We had projects that tried to exploit hydrocarbon technologies even going back to one of the earliest coal gasification projects in Scotland. We looked at lower cost ways to extract oil from tar sands. We did the systems engineering on the deepest oil platform in the North Sea for the British National Petroleum Company and others including an oil platform that had to withstand the shifting sea-bottom sediment in the Mississippi delta for Shell Oil. We did the engineering for the offshore gas wells in the loneliest spot in the world, the seas off the west coast of Australia. We managed the Strategic Petroleum Reserve for the Department of Energy. We built water treatment equipment for many of the western coal fired generating plants in the west. We invested in trash separation and burning. Our van fleet ran on natural gas.

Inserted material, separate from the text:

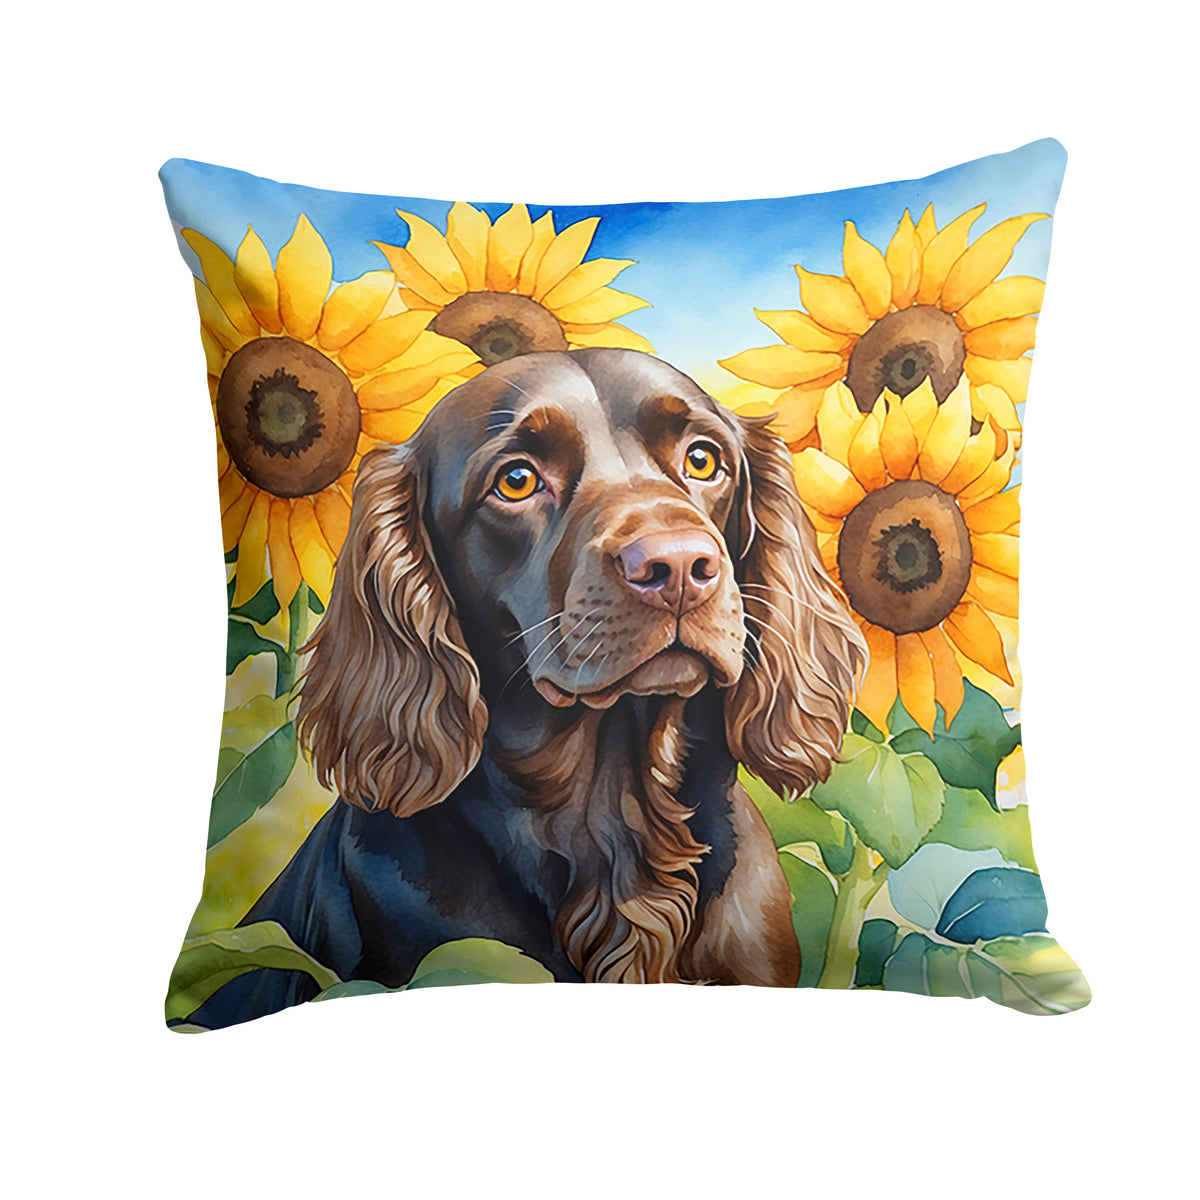 Buy this Boykin Spaniel in Sunflowers Throw Pillow

We had extensive efforts in nuclear power projects. Under contract to the Department of Energy we compared the French breeder reactor to the Westinghouse design. We participated in research on the glassification of nuclear waste. Our construction unit, together with other large contractors, worked on nuclear power plants and fuel processing. We developed centrifuge enrichment machines for the national facilities at Oakridge, Tennessee.

We worked on hydroelectric projects. We developed and built the power control system for the Bonneville dams. We did research work on more efficient ways to transmit high-voltage electricity including cryogenic means. And we studied harnessing energy from the ocean tides and other areas I’ve now forgotten.

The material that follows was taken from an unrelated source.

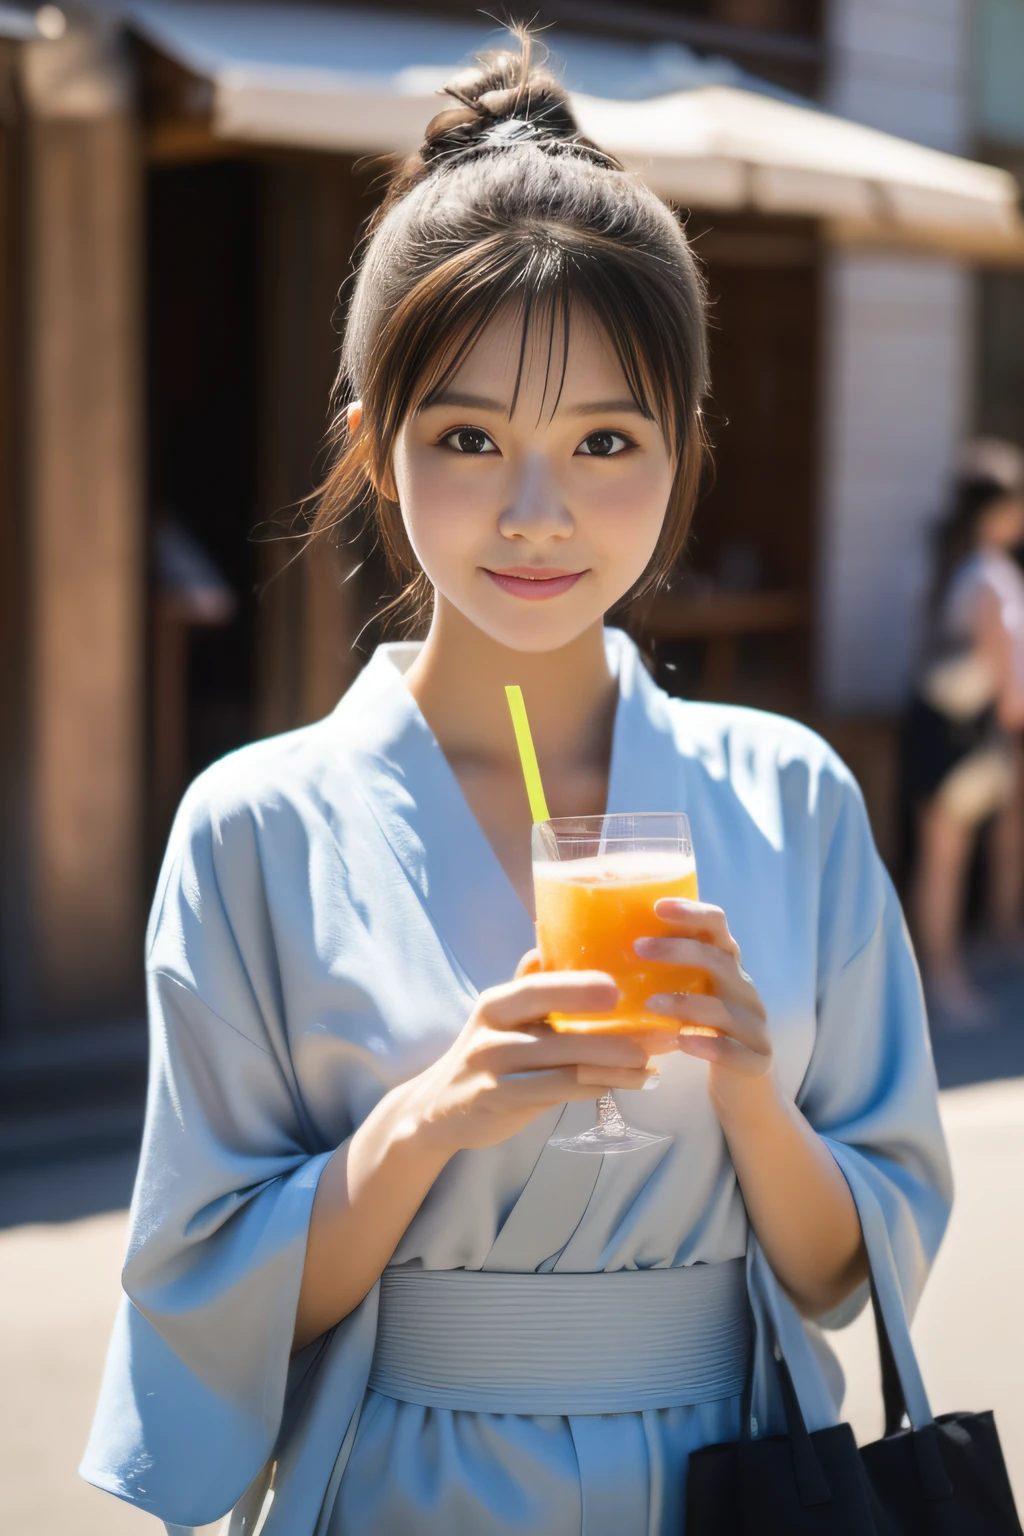 ((beste-Qualit))、((The ultra -The high-definition))finely detail、(((Beautiful One Girl)))、very detailed eyes and faces、Light-colored yukata、In the street、poneyTail、Drink juice

We explored the use of hydrogen as a commercial energy source because we knew a lot about it from our space work on hydrogen powered rockets. We concluded that the practical problems of handling hydrogen would make it economically infeasible unless the cost of other forms of energy would increase many fold. Promoters of hydrogen power show little understanding of the real problems with hydrogen. This is a very dangerous gas, and it is not free. It takes energy to produce hydrogen. It takes more energy to transport it. And it takes incredibly sophisticated equipment to use it. In gaseous and liquid form, pumps, valves and piping have to be ultra clean, pressure vessels extraordinarily well protected, and users highly trained.

Boeing’s efforts lost motivation after George Stoner died and I left and took on a bigger job of running the majority of Boeing’s military and space work. It was a time when the nuclear industry was taking a beating, the Washington Power Supply System’s bonds failed, and our Board of Directors, which included some prominent oil industry executives, decided that the opportunities for Boeing in the energy business were small compared to airplane, military and space efforts. It was also a time when our commercial airplane company needed cash and our military space and arm was tripling in size.

I know first hand many of the problems that alternative energy sources face. It is not pretty. Biomass and alcohol will offer some relief, but this will not come cheap and is subject to climatic changes and agricultural subsidies. We can get some energy from the wind and maybe some from the sun that will reduce hydrocarbon burning, but these are partial, not total solutions. Few people realize the practicalities of getting good sites and storing the energy when the wind is not blowing or the sun not shining.

The countries that are basing their basic power supplies on nuclear power plants are going to have far fewer problems with uninterrupted and predictable power costs than countries like our own. It is my judgment that the generation of those who blindly opposed nuclear power with roadblock after roadblock will ultimately be replaced by those who see nuclear power as the primary answer to the earth’s greenhouse effects and its subsequent warming. Then the long process of building can begin. Until then, look to many periods with energy shortages and high prices that will add to economic woes.

Our political inertia is going to be a drag on practical new energy sources for generations of time.